NSString * timeInMS = [NSString stringWithFormat:#"%lld", [#(floor([date timeIntervalSince1970] * 1000)) longLongValue]];
I needed a NSNumber object containing the exact result of [[NSDate date] timeIntervalSince1970]. Since this function was called many times and I didn't really need to create an NSDate object, performance was not great.
So to get the format that the original function was giving me, try this:
#include <sys/time.h>
struct timeval tv;
gettimeofday(&tv,NULL);
double perciseTimeStamp = tv.tv_sec + tv.tv_usec * 0.000001;
Which should give you the exact same result as [[NSDate date] timeIntervalSince1970]
CFAbsoluteTimeGetCurrent()
Absolute time is measured in seconds relative to the absolute reference date of Jan 1 2001 00:00:00 GMT. A positive value represents a date after the reference date, a negative value represents a date before it. For example, the absolute time -32940326 is equivalent to December 16th, 1999 at 17:54:34. Repeated calls to this function do not guarantee monotonically increasing results. The system time may decrease due to synchronization with external time references or due to an explicit user change of the clock.
This is basically the same answer as posted by #TristanLorach, just recoded for Swift 3:
/// Method to get Unix-style time (Java variant), i.e., time since 1970 in milliseconds. This
/// copied from here: http://stackoverflow.com/a/24655601/253938 and here:
/// http://stackoverflow.com/a/7885923/253938
/// (This should give good performance according to this:
/// http://stackoverflow.com/a/12020300/253938 )
///
/// Note that it is possible that multiple calls to this method and computing the difference may
/// occasionally give problematic results, like an apparently negative interval or a major jump
/// forward in time. This is because system time occasionally gets updated due to synchronization
/// with a time source on the network (maybe "leap second"), or user setting the clock.

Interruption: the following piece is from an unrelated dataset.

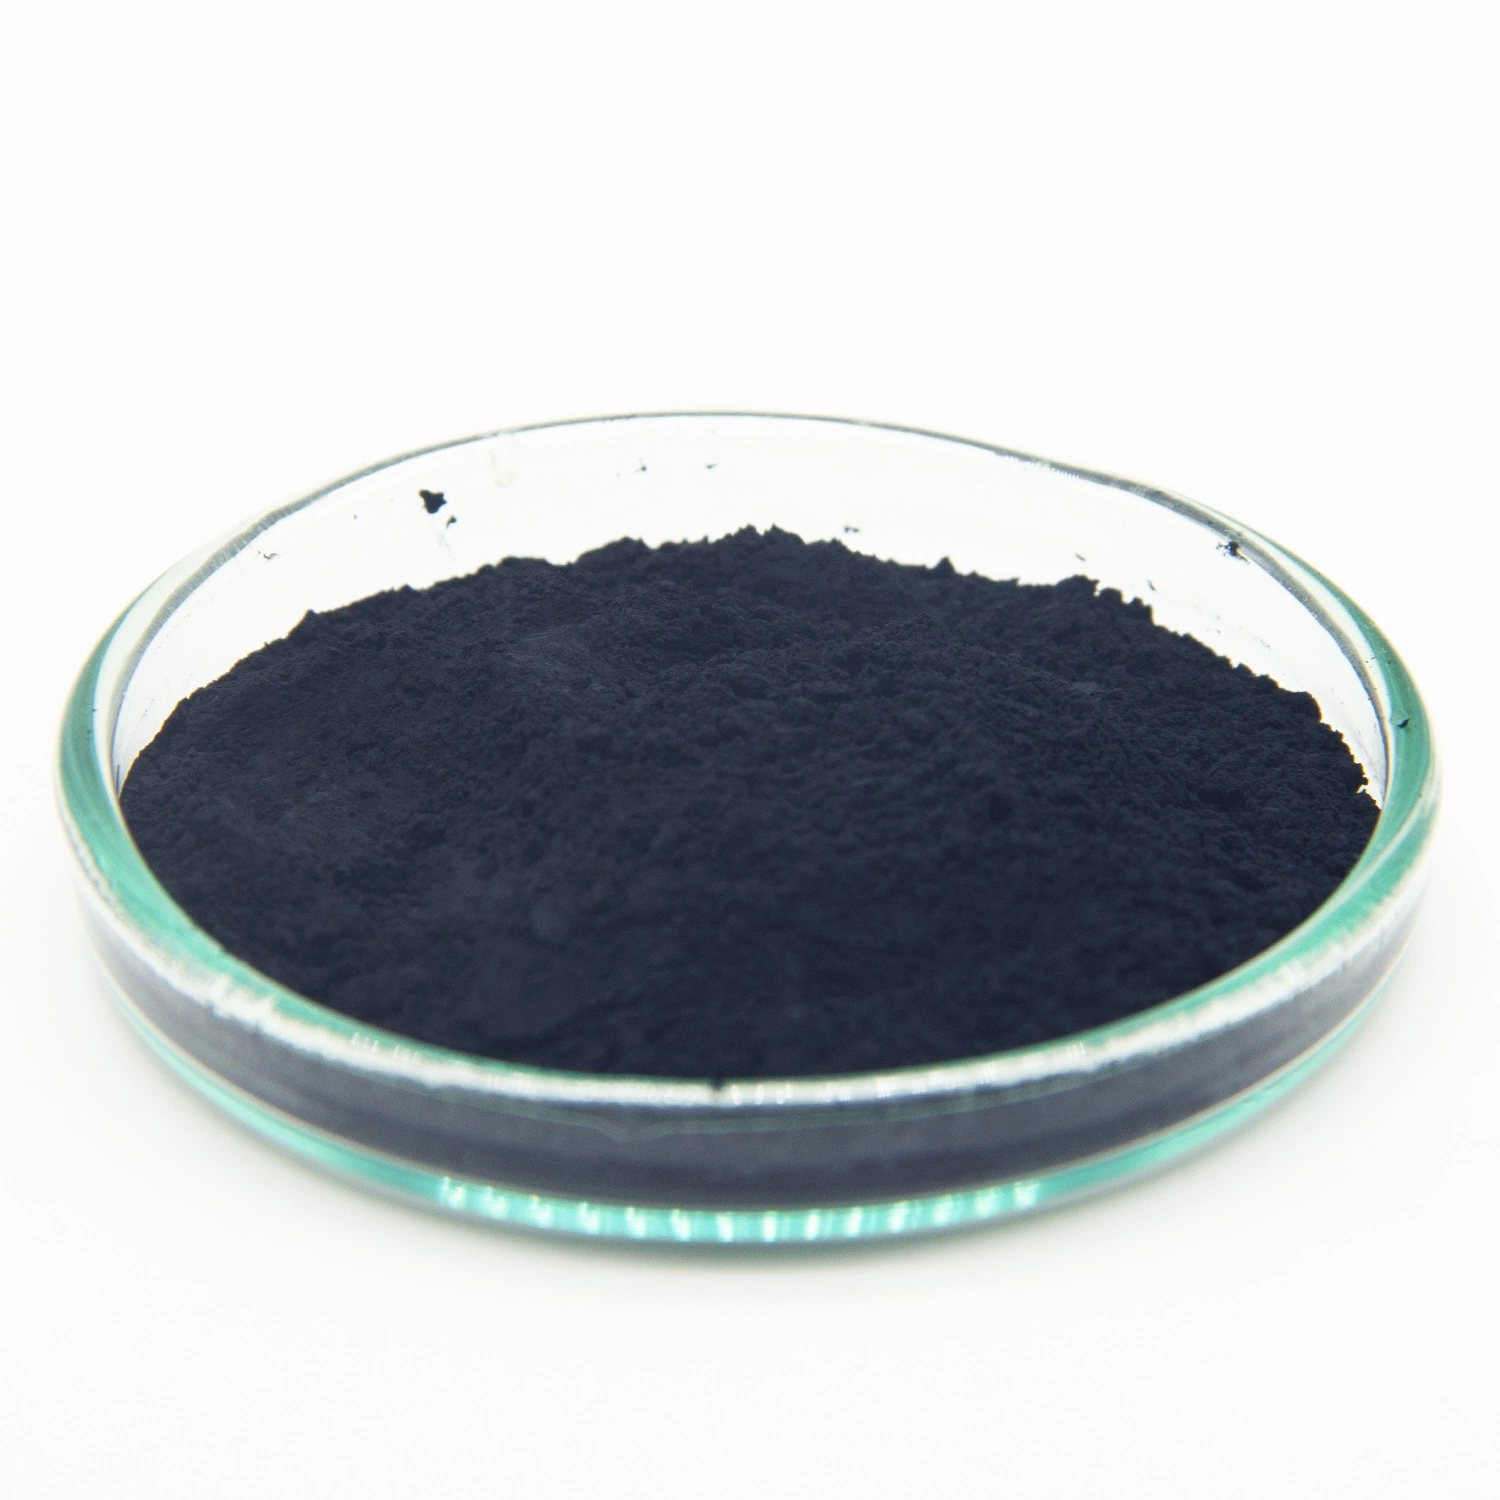 Materiales aislantes grises negros y materiales magnéticos óxido de cobalto

public static func currentTimeMillis() -> Int64 {
var darwinTime : timeval = timeval(tv_sec: 0, tv_usec: 0)
gettimeofday(&darwinTime, nil)
return (Int64(darwinTime.tv_sec) * 1000) + Int64(darwinTime.tv_usec / 1000)
}
Try this :
NSDate * timestamp = [NSDate dateWithTimeIntervalSince1970:[[NSDate date] timeIntervalSince1970]];
NSDateFormatter *dateFormatter = [[NSDateFormatter alloc] init];
[dateFormatter setDateFormat:#"YYYY-MM-dd HH:mm:ss.SSS"];
NSString *newDateString = [dateFormatter stringFromDate:timestamp];
timestamp = (NSDate*)newDateString;
In this example, dateWithTimeIntervalSince1970 is used in combination of the formatter #"YYYY-MM-dd HH:mm:ss.SSS" that will return the date with year, month, day and the time with hours, minutes, seconds, and milliseconds. See the example : "2015-12-02 04:43:15.008". I used the NSString to be sure that the format will be has written before.

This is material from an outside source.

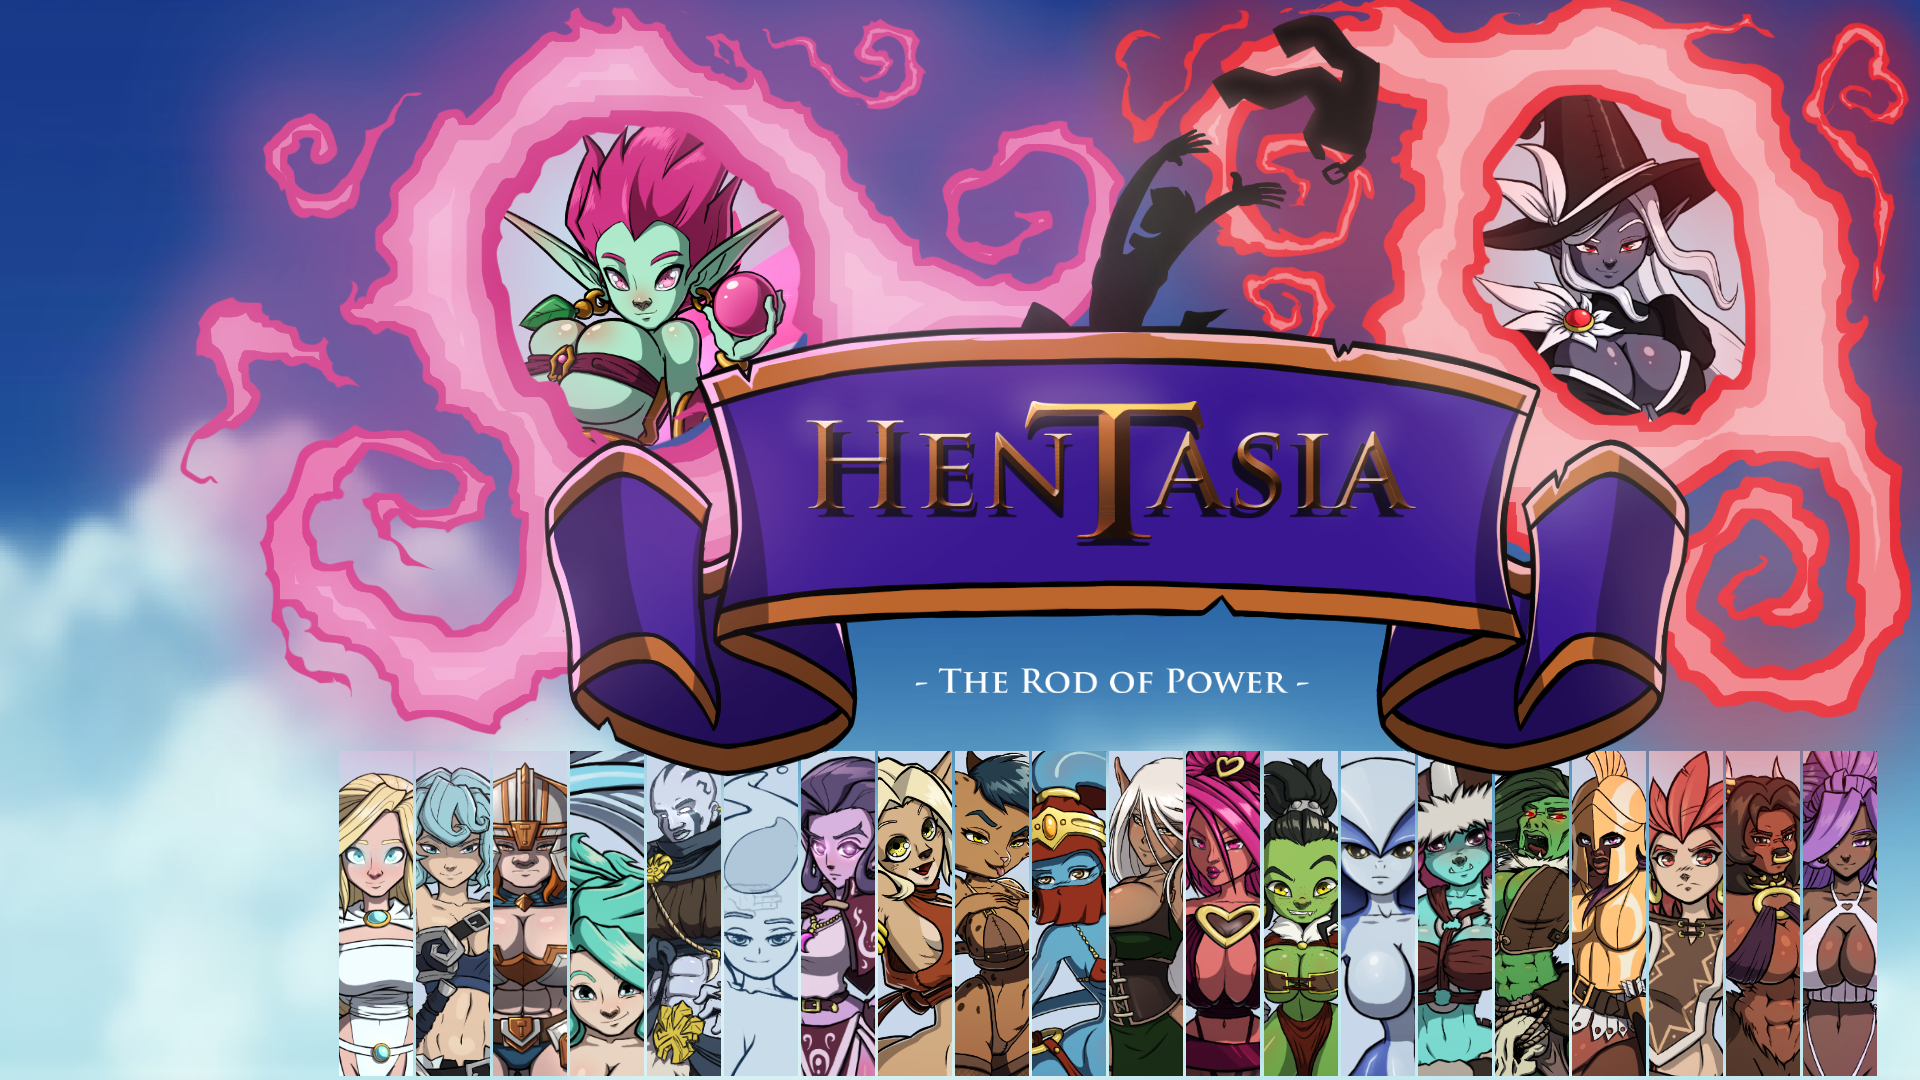 Hentasia - The Rod of Power [v1.1] main image

func currentmicrotimeTimeMillis() -> Int64{
let nowDoublevaluseis = NSDate().timeIntervalSince1970
return Int64(nowDoublevaluseis*1000)
}
let timeInMiliSecDate = Date()
let timeInMiliSec = Int (timeInMiliSecDate.timeIntervalSince1970 * 1000)
print(timeInMiliSec)
This is what I used for Swift
var date = NSDate()
let currentTime = Int64(date.timeIntervalSince1970 * 1000)
print("Time in milliseconds is \(currentTime)")
used this site to verify accuracy http://currentmillis.com/
NSTimeInterval time = ([[NSDate date] timeIntervalSince1970]); //double
long digits = (long)time; //first 10 digits
int decimalDigits = (int)(fmod(time, 1) * 1000); //3 missing digits
/*** long ***/
long timestamp = (digits * 1000) + decimalDigits;
/*** string ***/
NSString *timestampString = [NSString stringWithFormat:#"%ld%03d",digits ,decimalDigits];
[NSDate timeIntervalSinceReferenceDate] is another option, if you don't want to include the Quartz framework. It returns a double, representing seconds.